### [WHAT THE TASK ASKS]
Retype, word for word, every line of the records below starting at the one that contains "Reel-to-sheet lamination service" and ending at the one that contains "The tools for making mojitos."; include both of those lines and nothing more.

RECORDS SUPPLIED below:

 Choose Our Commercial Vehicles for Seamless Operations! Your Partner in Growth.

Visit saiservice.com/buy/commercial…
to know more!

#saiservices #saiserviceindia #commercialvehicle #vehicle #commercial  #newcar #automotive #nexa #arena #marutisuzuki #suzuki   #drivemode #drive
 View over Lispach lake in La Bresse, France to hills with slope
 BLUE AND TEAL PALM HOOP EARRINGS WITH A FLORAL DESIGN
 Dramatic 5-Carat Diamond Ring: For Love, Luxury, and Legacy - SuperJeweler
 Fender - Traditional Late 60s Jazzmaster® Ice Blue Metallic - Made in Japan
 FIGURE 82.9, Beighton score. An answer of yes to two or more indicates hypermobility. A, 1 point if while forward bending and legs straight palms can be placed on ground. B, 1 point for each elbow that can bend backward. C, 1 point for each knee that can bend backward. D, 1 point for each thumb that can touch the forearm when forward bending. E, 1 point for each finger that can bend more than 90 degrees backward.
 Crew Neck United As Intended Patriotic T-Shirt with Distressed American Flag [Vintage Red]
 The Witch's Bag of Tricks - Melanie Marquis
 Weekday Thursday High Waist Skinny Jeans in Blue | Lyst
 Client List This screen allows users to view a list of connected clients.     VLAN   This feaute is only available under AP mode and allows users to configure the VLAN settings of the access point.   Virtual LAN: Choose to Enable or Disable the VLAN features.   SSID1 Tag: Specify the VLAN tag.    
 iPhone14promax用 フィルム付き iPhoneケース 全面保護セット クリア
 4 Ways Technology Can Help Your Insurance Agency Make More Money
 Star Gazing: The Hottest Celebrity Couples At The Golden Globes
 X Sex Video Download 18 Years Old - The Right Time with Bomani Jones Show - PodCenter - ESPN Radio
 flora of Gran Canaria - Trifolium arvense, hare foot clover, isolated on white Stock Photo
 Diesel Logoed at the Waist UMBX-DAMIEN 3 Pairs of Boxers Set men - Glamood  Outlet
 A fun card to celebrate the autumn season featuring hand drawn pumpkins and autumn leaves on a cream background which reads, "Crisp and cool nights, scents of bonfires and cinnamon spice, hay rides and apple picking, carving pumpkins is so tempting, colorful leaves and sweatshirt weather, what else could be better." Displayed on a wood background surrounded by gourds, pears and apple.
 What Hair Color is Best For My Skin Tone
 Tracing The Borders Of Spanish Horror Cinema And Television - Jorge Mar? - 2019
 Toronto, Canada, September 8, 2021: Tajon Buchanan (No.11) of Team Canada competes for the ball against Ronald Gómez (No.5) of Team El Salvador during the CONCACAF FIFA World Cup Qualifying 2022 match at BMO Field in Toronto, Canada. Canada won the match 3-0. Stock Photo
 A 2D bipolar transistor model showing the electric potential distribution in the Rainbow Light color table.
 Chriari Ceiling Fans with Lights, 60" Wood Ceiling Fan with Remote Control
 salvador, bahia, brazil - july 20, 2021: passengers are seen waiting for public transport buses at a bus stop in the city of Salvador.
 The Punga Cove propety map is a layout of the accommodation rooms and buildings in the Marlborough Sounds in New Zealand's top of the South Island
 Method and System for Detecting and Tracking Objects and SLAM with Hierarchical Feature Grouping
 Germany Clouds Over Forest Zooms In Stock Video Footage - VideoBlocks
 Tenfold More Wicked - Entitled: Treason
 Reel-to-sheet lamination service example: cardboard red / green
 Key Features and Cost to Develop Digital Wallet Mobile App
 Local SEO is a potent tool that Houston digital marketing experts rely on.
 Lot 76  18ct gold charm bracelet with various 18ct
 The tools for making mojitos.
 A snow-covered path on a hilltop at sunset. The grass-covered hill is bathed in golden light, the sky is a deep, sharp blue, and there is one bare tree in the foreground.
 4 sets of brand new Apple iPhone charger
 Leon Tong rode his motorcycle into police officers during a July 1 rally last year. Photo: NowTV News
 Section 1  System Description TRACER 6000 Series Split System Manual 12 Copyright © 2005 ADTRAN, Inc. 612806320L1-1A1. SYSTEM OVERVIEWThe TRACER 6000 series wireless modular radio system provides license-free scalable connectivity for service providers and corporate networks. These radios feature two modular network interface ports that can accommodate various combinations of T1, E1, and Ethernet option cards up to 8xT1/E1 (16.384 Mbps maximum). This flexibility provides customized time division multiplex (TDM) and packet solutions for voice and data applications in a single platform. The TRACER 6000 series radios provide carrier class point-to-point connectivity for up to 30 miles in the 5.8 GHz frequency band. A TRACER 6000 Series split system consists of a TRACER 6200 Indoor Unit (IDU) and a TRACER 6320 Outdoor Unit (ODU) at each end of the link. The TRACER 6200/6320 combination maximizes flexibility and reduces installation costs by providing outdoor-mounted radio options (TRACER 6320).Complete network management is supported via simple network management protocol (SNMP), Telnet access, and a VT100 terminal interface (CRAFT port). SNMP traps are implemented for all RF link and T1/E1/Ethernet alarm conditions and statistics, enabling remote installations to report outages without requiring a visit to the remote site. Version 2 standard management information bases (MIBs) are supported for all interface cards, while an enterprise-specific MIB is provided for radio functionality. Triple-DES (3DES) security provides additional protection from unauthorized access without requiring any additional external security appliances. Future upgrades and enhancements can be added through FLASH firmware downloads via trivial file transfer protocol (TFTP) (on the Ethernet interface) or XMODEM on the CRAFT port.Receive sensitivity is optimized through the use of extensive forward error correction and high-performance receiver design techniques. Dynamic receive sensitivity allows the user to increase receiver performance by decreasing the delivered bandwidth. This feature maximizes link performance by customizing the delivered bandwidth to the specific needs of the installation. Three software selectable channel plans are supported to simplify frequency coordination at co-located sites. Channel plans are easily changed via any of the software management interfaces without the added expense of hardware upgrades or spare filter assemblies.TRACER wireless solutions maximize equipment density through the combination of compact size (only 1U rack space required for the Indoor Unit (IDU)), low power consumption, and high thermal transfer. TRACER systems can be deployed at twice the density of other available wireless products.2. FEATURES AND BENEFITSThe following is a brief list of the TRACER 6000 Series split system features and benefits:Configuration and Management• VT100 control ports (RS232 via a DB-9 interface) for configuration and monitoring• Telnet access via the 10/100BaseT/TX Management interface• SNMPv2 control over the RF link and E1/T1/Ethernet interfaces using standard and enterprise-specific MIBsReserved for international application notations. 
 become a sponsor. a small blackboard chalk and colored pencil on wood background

End of RECORDS SUPPLIED.

### [SOLUTION FOR THIS TASK]
 Reel-to-sheet lamination service example: cardboard red / green
 Key Features and Cost to Develop Digital Wallet Mobile App
 Local SEO is a potent tool that Houston digital marketing experts rely on.
 Lot 76  18ct gold charm bracelet with various 18ct
 The tools for making mojitos.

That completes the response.